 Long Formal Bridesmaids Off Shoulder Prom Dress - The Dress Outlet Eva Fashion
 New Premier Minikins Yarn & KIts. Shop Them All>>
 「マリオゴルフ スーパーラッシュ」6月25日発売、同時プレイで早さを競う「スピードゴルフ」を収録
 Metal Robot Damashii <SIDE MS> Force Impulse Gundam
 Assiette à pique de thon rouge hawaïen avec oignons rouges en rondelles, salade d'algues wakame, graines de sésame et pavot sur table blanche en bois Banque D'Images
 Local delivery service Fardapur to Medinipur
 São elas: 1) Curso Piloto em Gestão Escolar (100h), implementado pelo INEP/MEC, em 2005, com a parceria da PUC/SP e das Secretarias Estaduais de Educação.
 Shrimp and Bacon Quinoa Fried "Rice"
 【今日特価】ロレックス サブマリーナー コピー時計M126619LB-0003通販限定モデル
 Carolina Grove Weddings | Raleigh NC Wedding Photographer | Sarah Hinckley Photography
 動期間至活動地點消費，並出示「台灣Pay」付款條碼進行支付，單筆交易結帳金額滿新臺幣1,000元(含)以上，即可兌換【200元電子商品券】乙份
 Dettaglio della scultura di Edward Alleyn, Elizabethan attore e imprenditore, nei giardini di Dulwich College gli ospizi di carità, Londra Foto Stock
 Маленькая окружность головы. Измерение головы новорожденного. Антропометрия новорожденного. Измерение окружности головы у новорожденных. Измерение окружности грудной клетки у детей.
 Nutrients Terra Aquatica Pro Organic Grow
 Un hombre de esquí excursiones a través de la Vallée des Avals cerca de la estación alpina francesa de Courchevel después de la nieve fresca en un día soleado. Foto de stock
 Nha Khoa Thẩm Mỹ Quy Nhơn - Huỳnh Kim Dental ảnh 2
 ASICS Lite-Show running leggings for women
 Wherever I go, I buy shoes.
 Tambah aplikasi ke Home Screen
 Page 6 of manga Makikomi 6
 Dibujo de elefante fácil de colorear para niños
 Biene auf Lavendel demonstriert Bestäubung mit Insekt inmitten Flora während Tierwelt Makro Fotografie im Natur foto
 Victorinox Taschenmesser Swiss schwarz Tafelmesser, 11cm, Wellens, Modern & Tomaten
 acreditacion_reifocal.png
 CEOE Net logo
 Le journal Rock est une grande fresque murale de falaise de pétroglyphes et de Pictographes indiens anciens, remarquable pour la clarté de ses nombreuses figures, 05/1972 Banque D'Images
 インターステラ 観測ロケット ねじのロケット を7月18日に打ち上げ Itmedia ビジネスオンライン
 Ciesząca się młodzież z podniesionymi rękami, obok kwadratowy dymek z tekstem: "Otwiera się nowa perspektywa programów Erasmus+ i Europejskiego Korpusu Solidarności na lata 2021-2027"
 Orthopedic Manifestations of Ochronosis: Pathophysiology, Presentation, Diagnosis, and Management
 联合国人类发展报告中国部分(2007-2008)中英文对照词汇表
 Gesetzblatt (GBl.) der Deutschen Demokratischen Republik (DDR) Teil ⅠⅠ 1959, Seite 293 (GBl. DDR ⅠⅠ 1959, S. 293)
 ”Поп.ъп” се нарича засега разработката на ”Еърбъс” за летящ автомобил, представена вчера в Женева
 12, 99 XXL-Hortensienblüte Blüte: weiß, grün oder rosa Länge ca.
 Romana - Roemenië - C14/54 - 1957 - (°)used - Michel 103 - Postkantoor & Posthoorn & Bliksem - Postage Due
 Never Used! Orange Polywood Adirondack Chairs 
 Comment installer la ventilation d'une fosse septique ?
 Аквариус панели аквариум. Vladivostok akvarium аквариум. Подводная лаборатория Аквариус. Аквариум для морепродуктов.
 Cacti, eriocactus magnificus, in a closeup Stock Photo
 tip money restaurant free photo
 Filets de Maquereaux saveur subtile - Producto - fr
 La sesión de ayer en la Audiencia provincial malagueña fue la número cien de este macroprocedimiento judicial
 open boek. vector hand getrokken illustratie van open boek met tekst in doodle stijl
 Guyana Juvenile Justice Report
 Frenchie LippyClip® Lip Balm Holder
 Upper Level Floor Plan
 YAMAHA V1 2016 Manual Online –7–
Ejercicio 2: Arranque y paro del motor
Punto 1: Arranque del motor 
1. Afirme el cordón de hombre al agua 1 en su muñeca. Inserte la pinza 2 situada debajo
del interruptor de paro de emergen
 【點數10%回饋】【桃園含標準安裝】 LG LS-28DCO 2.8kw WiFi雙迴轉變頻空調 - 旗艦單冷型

* * * *

:: Task to carry out ::
In the listing above, find the line with "Tambah aplikasi ke Home Screen" and the line with "12, 99 XXL-Hortensienblüte". Output those two lines and every line between them, exactly as written.

:: Solution below ::
 Tambah aplikasi ke Home Screen
 Page 6 of manga Makikomi 6
 Dibujo de elefante fácil de colorear para niños
 Biene auf Lavendel demonstriert Bestäubung mit Insekt inmitten Flora während Tierwelt Makro Fotografie im Natur foto
 Victorinox Taschenmesser Swiss schwarz Tafelmesser, 11cm, Wellens, Modern & Tomaten
 acreditacion_reifocal.png
 CEOE Net logo
 Le journal Rock est une grande fresque murale de falaise de pétroglyphes et de Pictographes indiens anciens, remarquable pour la clarté de ses nombreuses figures, 05/1972 Banque D'Images
 インターステラ 観測ロケット ねじのロケット を7月18日に打ち上げ Itmedia ビジネスオンライン
 Ciesząca się młodzież z podniesionymi rękami, obok kwadratowy dymek z tekstem: "Otwiera się nowa perspektywa programów Erasmus+ i Europejskiego Korpusu Solidarności na lata 2021-2027"
 Orthopedic Manifestations of Ochronosis: Pathophysiology, Presentation, Diagnosis, and Management
 联合国人类发展报告中国部分(2007-2008)中英文对照词汇表
 Gesetzblatt (GBl.) der Deutschen Demokratischen Republik (DDR) Teil ⅠⅠ 1959, Seite 293 (GBl. DDR ⅠⅠ 1959, S. 293)
 ”Поп.ъп” се нарича засега разработката на ”Еърбъс” за летящ автомобил, представена вчера в Женева
 12, 99 XXL-Hortensienblüte Blüte: weiß, grün oder rosa Länge ca.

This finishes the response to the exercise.